Lorentz symmetry essentially means that the cosmos should look the same to two observers traveling at a constant speed relative to each other. In other words, the universe on large scales is basically isotropic and homogeneous, although it appears more varied on smaller scales, including the planetary perspective we experience as humans on Earth. Researchers are obsessed with detecting violations of this symmetry because they could expose the longed-for missing link between gravity and the Standard Model of particle physics that governs quantum mechanics.

“For the past 100 years, people have been trying to find proof that Lorentz symmetry is not true, and no one can find it,” Katori explained. “This is one of the most traditional studies in modern physics: people challenging this theory of spacetime.”

“If something doesn’t work in Lorentz symmetry or something is beyond Lorentz symmetry, you might have some connection, for the first time, with gravity in the standard model,” he added. “Quantum gravity is something that a lot of people hope is really the next generation or an open door to the next stage.”

Astrophysical neutrinos offer a promising test of Einstein’s theories because they could encounter unexplored regions of spacetime that are affected by quantum gravity. Neutrinos passing through these areas could change flavor in surprising ways that would leave a record of space-time anomalies in their signatures that could be read by scientists who capture them on Earth.

“The neutrinos change flavor even without this space-time effect,” Katori noted. “We’re looking for anomalous changes or unforeseen ways of changing. That’s the focus of this research.”

The IceCube search found no anomalies in the neutrino flavor conversion, leaving the notion of Lorentz symmetry intact for now. While Katori said these results were a bit “disappointing”—after all, who wouldn’t want to find new physics?—it’s still an important finding. IceCube was able to “unambiguously reach the parameter space of physics motivated by quantum gravity,” according to the study. In other words, the results have opened a new path into the theoretical domain of quantum gravity that will have all kinds of applications for scientists in all fields.

“We think these are great results,” Katori said. “We have the highest sensitivity and we’re also the first experiment to reach some region, or ‘phase space,’ the technical word, to really look for it,” referring to Lorentz symmetry violations.

“I’m so relieved it’s finally being published,” he continued. “From data capture and other issues, it’s such a long effort.”

While this initial experiment is coming to a bittersweet end, a new beginning is emerging from beneath the Antarctic ice, as well as from other instruments around the world. The IceCube collaboration plans to revisit its data set using new machine learning techniques that could identify anomalies that were missed in this study. The team also hopes to dramatically expand the size of IceCube in order to obtain an even larger data set that could eventually reveal traces of space-time anomalies that point to quantum gravity.
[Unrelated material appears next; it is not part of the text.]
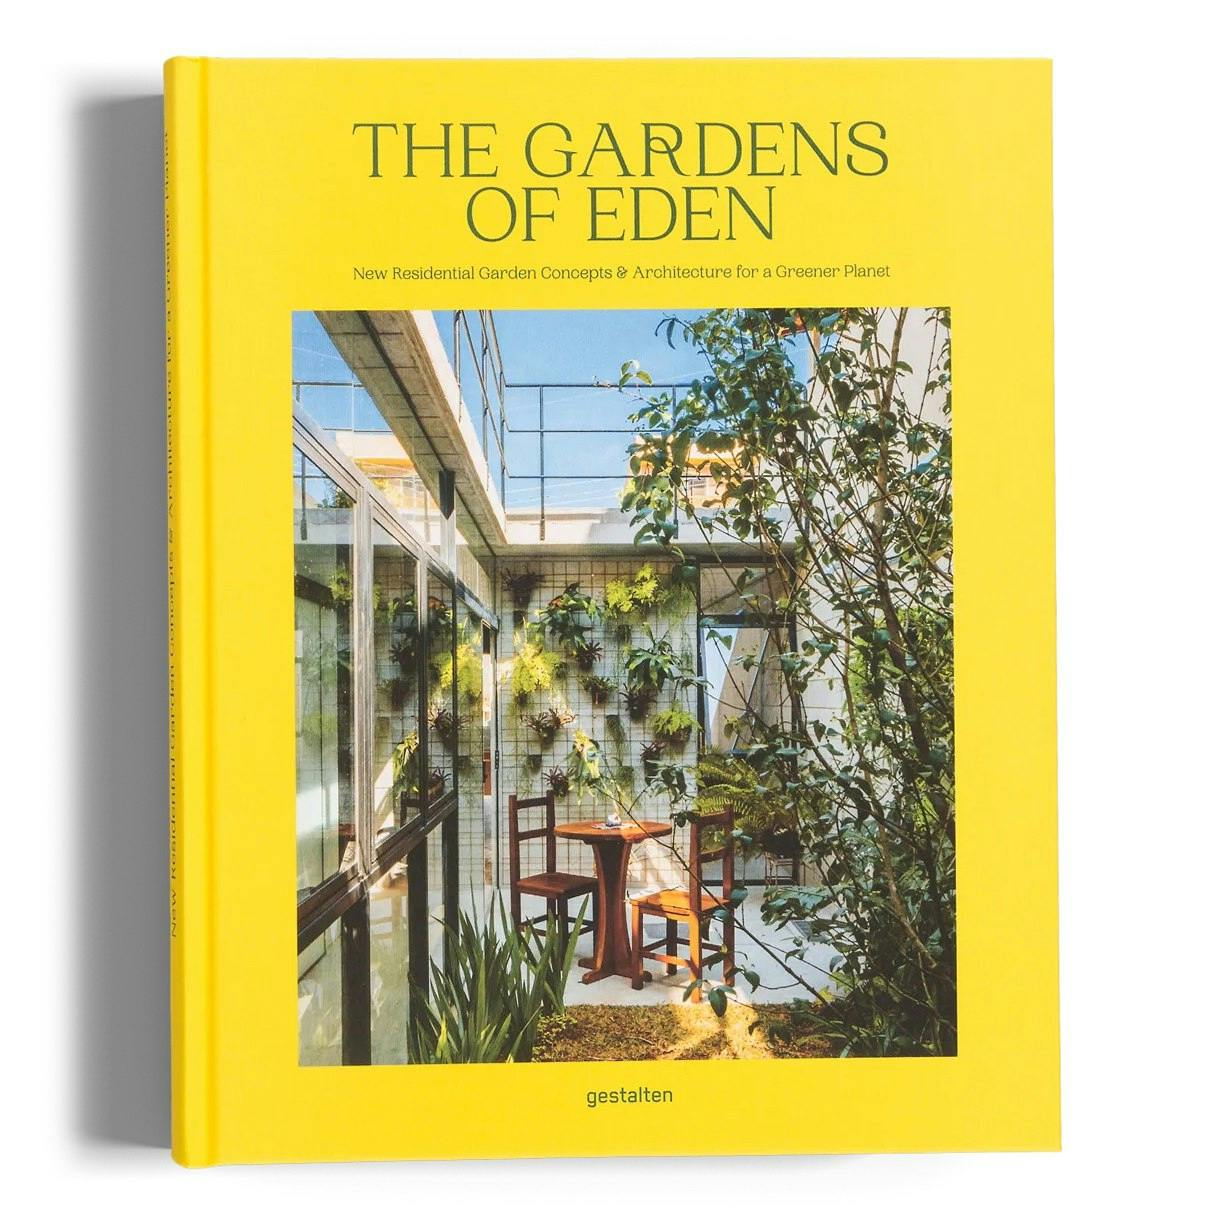 The Gardens of Eden - Coffee Table Book
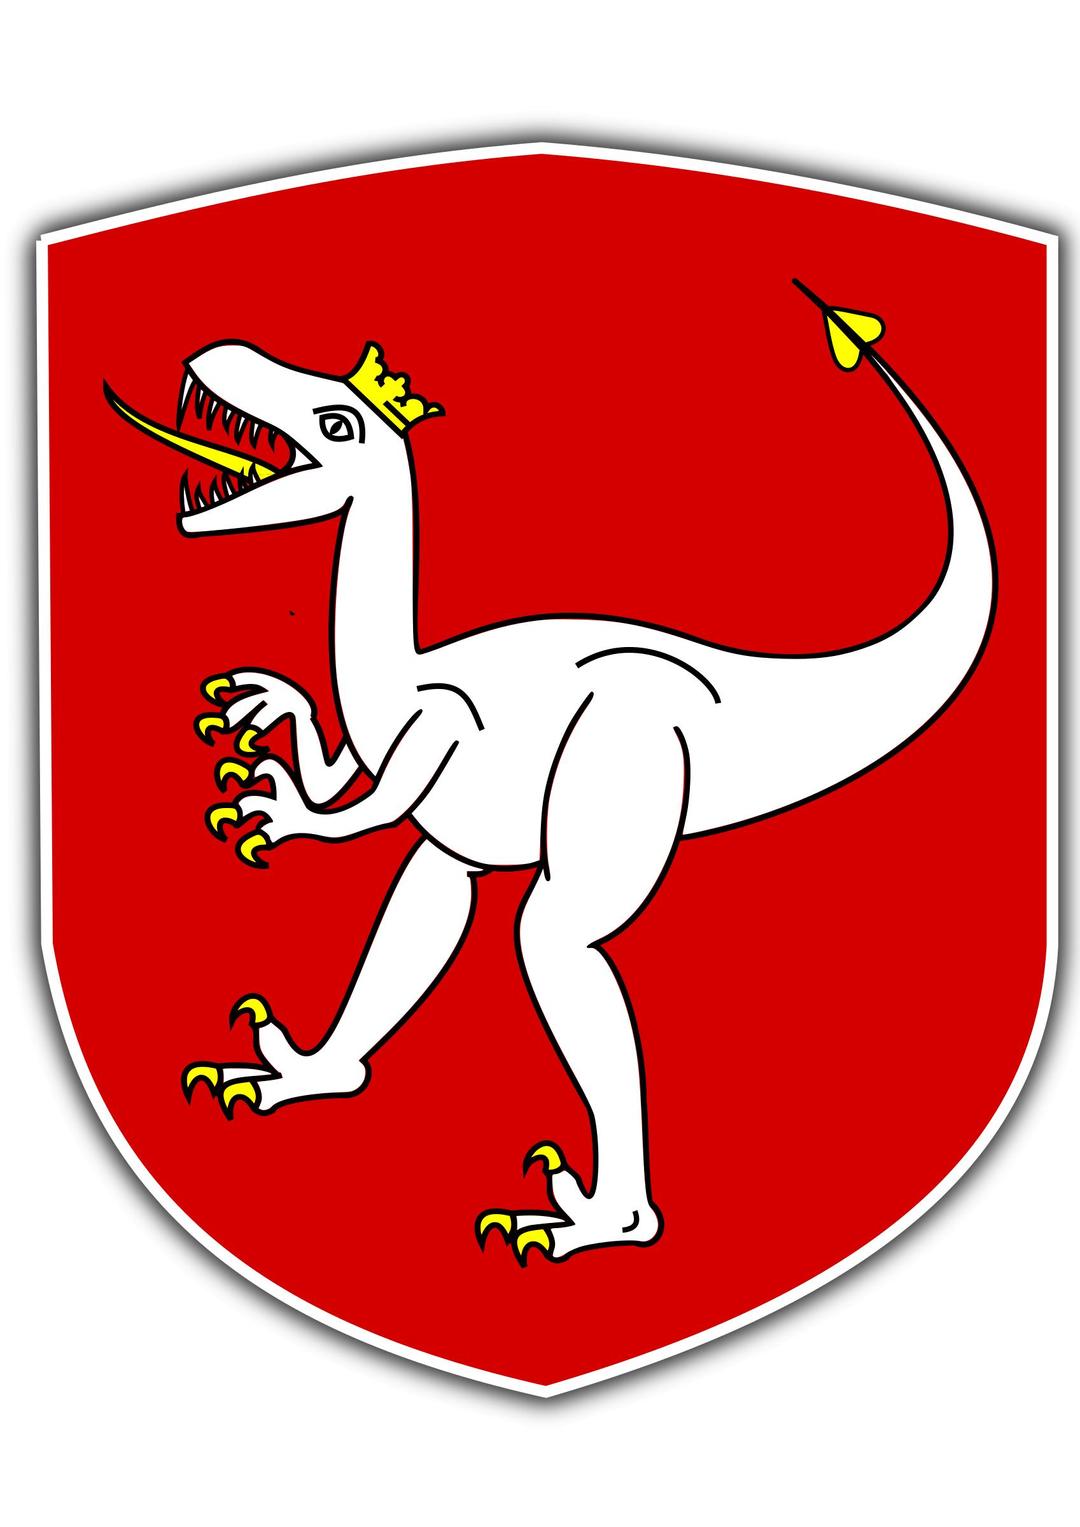 Czech Dino png transparent

“In my opinion, there’s still a chance,” Katori said. “This analysis is the first iteration of its kind. We made this an analysis framework and we developed the code, but in a sense, we didn’t do our best because things are still developing.”

“I think there’s an opportunity to improve it,” he noted, “but I can’t guarantee to what extent.”

Meanwhile, the new results show that it is possible to probe spacetime using slippery particles from the distant universe, providing a way to explore a number of other potential models and experiments.

“Although the motivation for this analysis is to look for evidence of quantum gravity, the formalism we used is model-independent, and our results may set limits to several new physical models, including a new long-range force, dark energy neutrino. coupling, neutrino-dark matter scattering, violation of the equivalent principle, etc.,” IceCube’s contribution to the study concluded.